When I am at the Rothko-Torres exhibition, however, it takes a couple of moments to untether myself. People weave in and out of the gallery, and there is a bench in the center for socially distanced seating that a few visitors perch upon during my stay. The adjacent galleries are in the same lighting and guise but contain very different artworks — I had stepped into the room after viewing photographs of Richard Prince’s half-nude “Girlfriends.” Moreover, I have the impulse to critique the artwork in this exhibition before even settling into the space. This practice has been well-formed through an education in art history. Though it is nearly drilled in me, the role of judgment feels exhausting, often fruitless. I have been thinking about alternative ways of looking at art, especially this year. Rather than critique the works in this space, this article will briefly trace the contours of an experience. It is an attempt to trace the emotional or conceptual openings provided in the gallery — space that may take us elsewhere, that may heal. 

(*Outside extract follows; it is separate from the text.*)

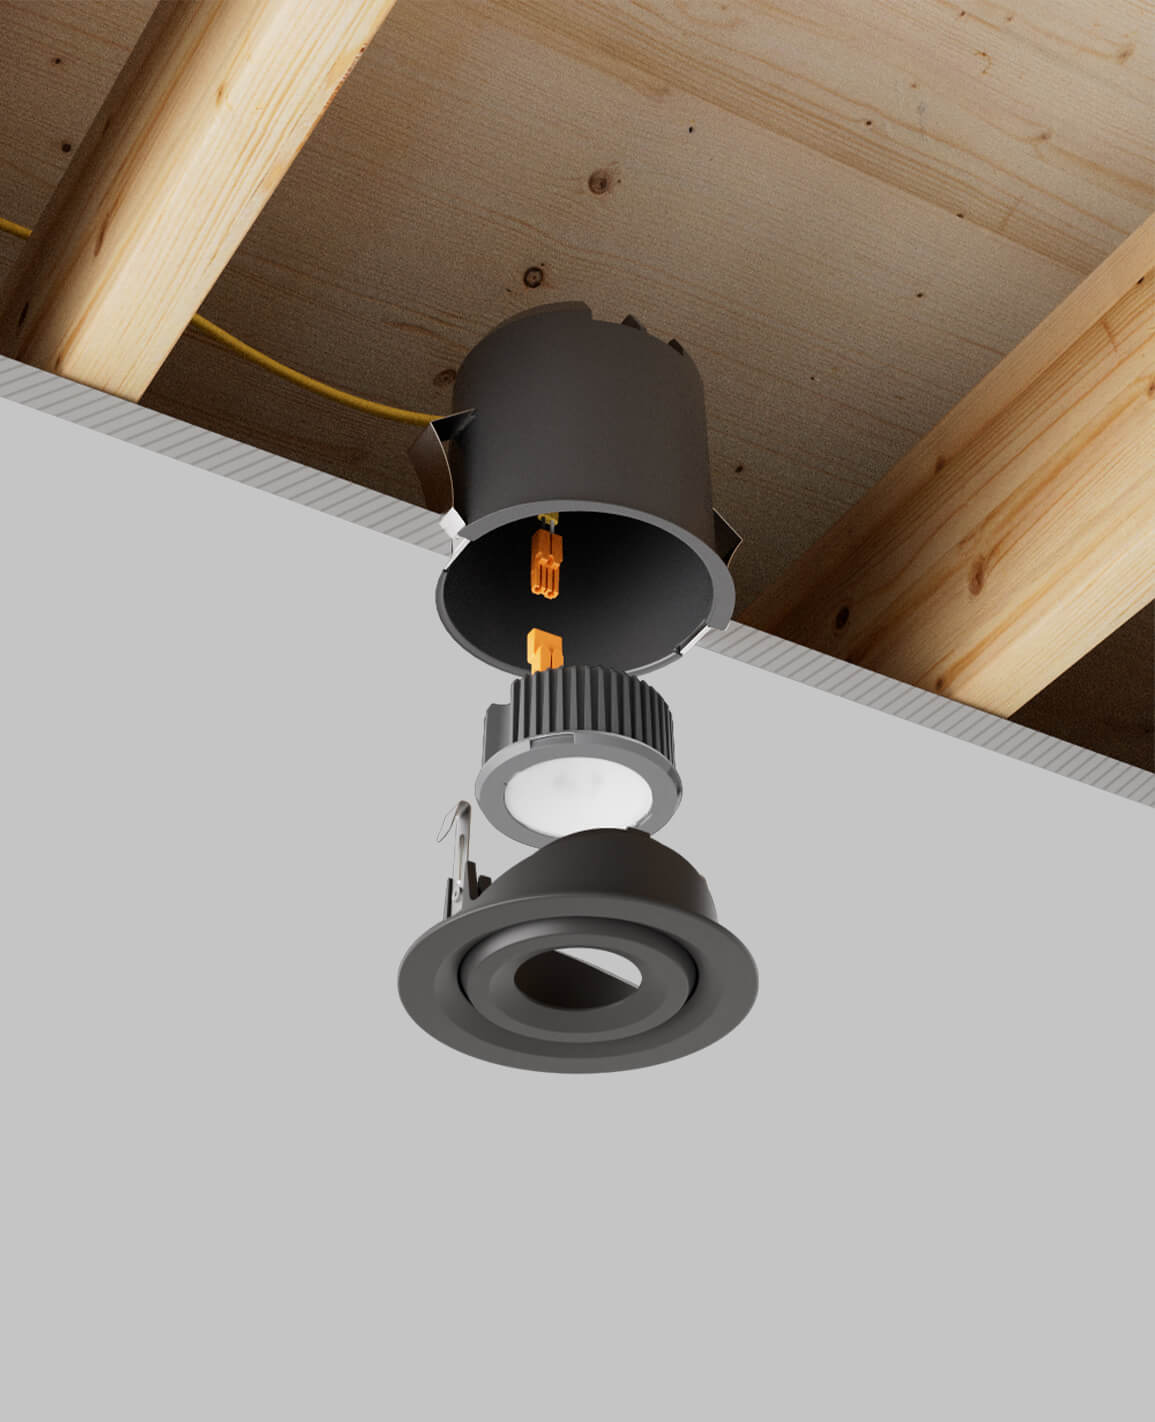 4" LUSA recessed light with remodel housing and black adjustable trim
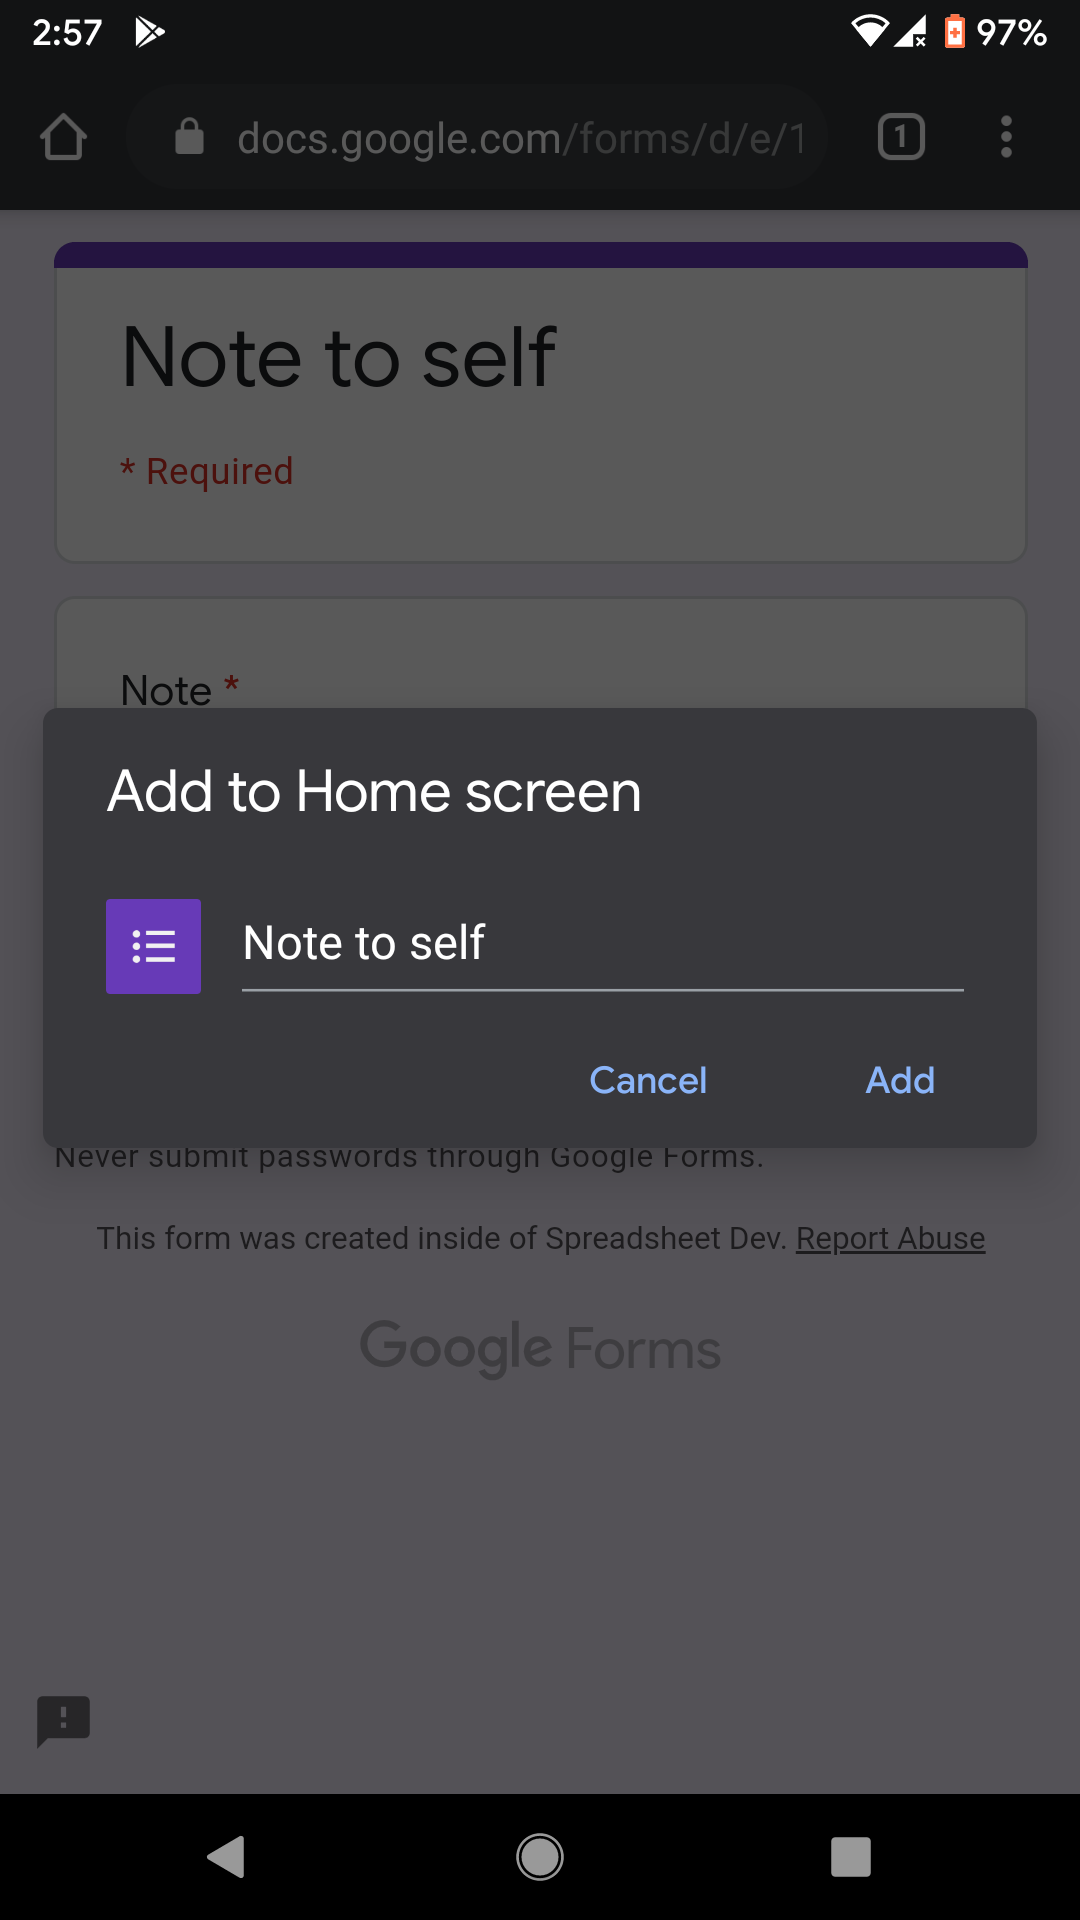 Screenshot of the "Add to Home screen" dialog in Google Chrome on an Android phone.

Rothko was wary of calling his paintings abstract although formally, they are incontrovertibly abstract. Each painting in the gallery, painted at the height of his career from 1949 to 1954, follows the same format: a canvas painted a single color, with hovering horizontal blocks of different colors atop it. The paintings were produced with thin layers of paint, and the depth created by this technique as well as the rugged edges of the color blocks allow the paintings colors to project outward. 

As I look around the room, I feel like I am being watched. The paintings are personable even as they radiate with something larger than the viewer’s mereness. Each appears solitary and self-contained. Yet they are social too: facing each other in silent togetherness. A chalky spring-like quality is cast out of Rothko’s “No. 2/No. 7/No. 20″ (1951). On the adjacent wall,Untitled (Purple, White, and Red) (1953) makes me think about continuance and erasure; it is as if paint has been wiped away in the middle white portion, and there is something nakedly alive in the red.

As I take a step back, the text “Soft Pillow 1990 catches my eye from the wall above the painting. Felix Gonzalez-Torres’s Untitled (1989) is a timeline composed of running text at the top of the wall. It is composed of personal and public events, which seem to be in no particular order. The piece takes the architectural form of a frieze. Its commemorative tone is delicate, contemplative. The text is broken by the space between walls, so that the sequence seems both continuous and finite. The silver text of the words and dates glint or fade illegibly depending on how the light strikes it, so one must move around the room to read it in its entirety. Felix Gonzalez-Torres often asks viewers to participate in his work’s meaning and continuance. In this internal self-portrait, events can be added or subtracted to the timeline as it lives on.

An Easy Death 1991  VCR 1978  Supreme Court 1986  Great Society 1964  Blue Flowers 1984

Beneath these dates, a low-hanging Rothko painting entitled “Untitled (Painting) (1953/54) appears weighed down by an expansive orange square. But it is also luminous. Its brush strokes have an upward tendency, something of mountainous elevation to them. I stand close to it, and something is relinquished; I feel physically small and larger than myself. It is a replenishing moment, especially in our current circumstances: At Home 2021.

To be right up close to these paintings, in a time when we can’t casually be close with one another, stirs a quiet intimacy. During a time when we are so aware of ourselves — who we can hold, who we can breathe upon and breathe in front of — at a time when we move through the city in protective ways, shielding ourselves, sanitizing our bodies, feeling altogether untouchable: this exhibition. Here, we can allow the paintings to pulse before us, radiate, hold us. We might unwrap and unfold ourselves before something more deeply human and enduring than our conditions. Rest. I leave feeling more present, more just. 

An invitation, as the days become warmer and we emerge from winter’s exhalation — if you need a place to be, I suggest it may be found briefly here. 

The show is on view in Gallery 293 of the Art Institute of Chicago.